My grandfather glanced away at Zee. “When I look at him, I still see a monster. I see a devourer of worlds.”
“You’ve felt that way all these years?”
“Every time I see them. I never forget, dear girl.”
“Do you forget the murder of my world?” Grant asked quietly. “A murder you participated in? Do you forget that you enslaved an entire race and bred them for those Aetar games of flesh?”
Jack looked at him. “No. I am a monster, too, lad. I know that’s what you think of me.”
Grant held his gaze and did not deny it.
“Just as my kind will find you to be a monster,” added my grandfather in a soft voice. “You and Maxine, both.”
“So we’re all our worst enemies,” I muttered, sipping tea. “What’s your point?”
Jack looked at Zee again. “There is no such thing as true redemption. Even if, by some miracle, you find forgiveness in the eyes of others . . . you never forgive yourself.”
Grant slumped back in his chair. “Did you come up here to help or just make us all feel miserable?”
Jack walked to the bedroom door. “I came to deliver tea. And to tell you that some demons are downstairs, waiting to speak with you.”
CHAPTER 25
I
stopped at the foot of the stairs, staring at my mother’s living room, and felt my brain explode. The only way it could have gotten weirder would have been to find the demons in front of me sitting on the couch, sipping soda and watching television.
Actually, it
was
that weird.
Lord Ha’an sat on the floor, propped up against the front of the couch. He looked exhausted. His long fingers were covered in curling blades, strapped to his hands like gloves. Each serrated tip dripped with blood. All of him, bloody, as though he had splashed through buckets.
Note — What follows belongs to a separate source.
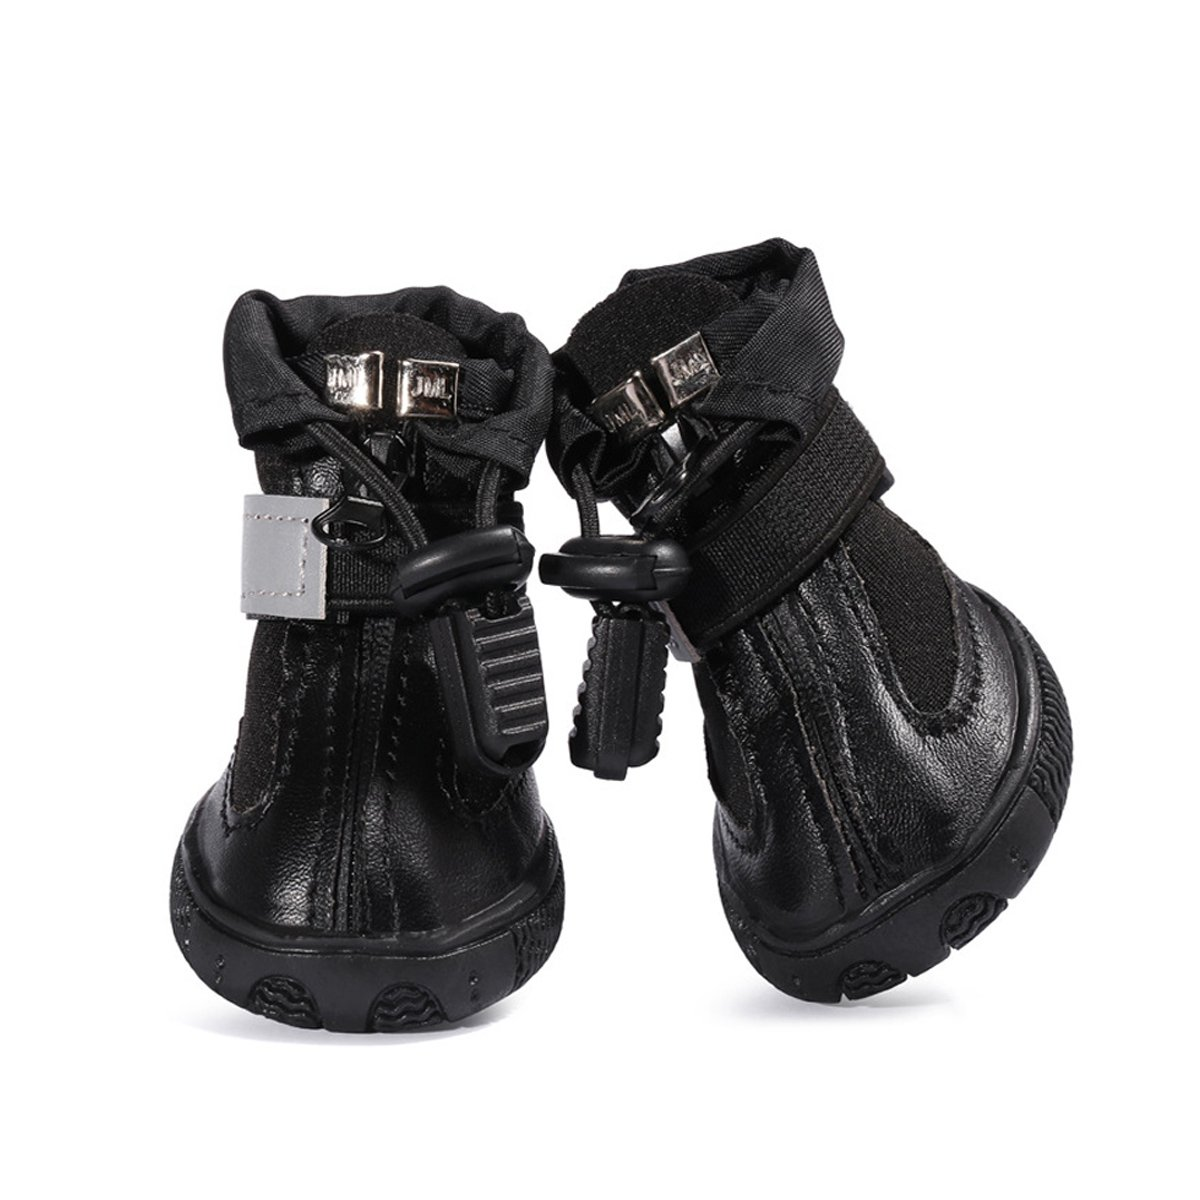 Namsan Adjustable Pet Dog Shoes Comfortable Anti-slip Waterproof for Daily Walking

Some of that blood was his. I saw gashes in his side, across his chest—round holes that looked chewed through. His chest rose and fell with shallow breaths. His eyes were closed.
Beside him was Lord Oanu, also slathered in blood—fur sticky, armor scored with deep scratch marks. I watched him place an experimental paw on the couch cushion, and push down. His ears twitched. So did the tip of his tail. He was wounded: his flanks appeared gnawed on, as did his underbelly around the joints of his armor.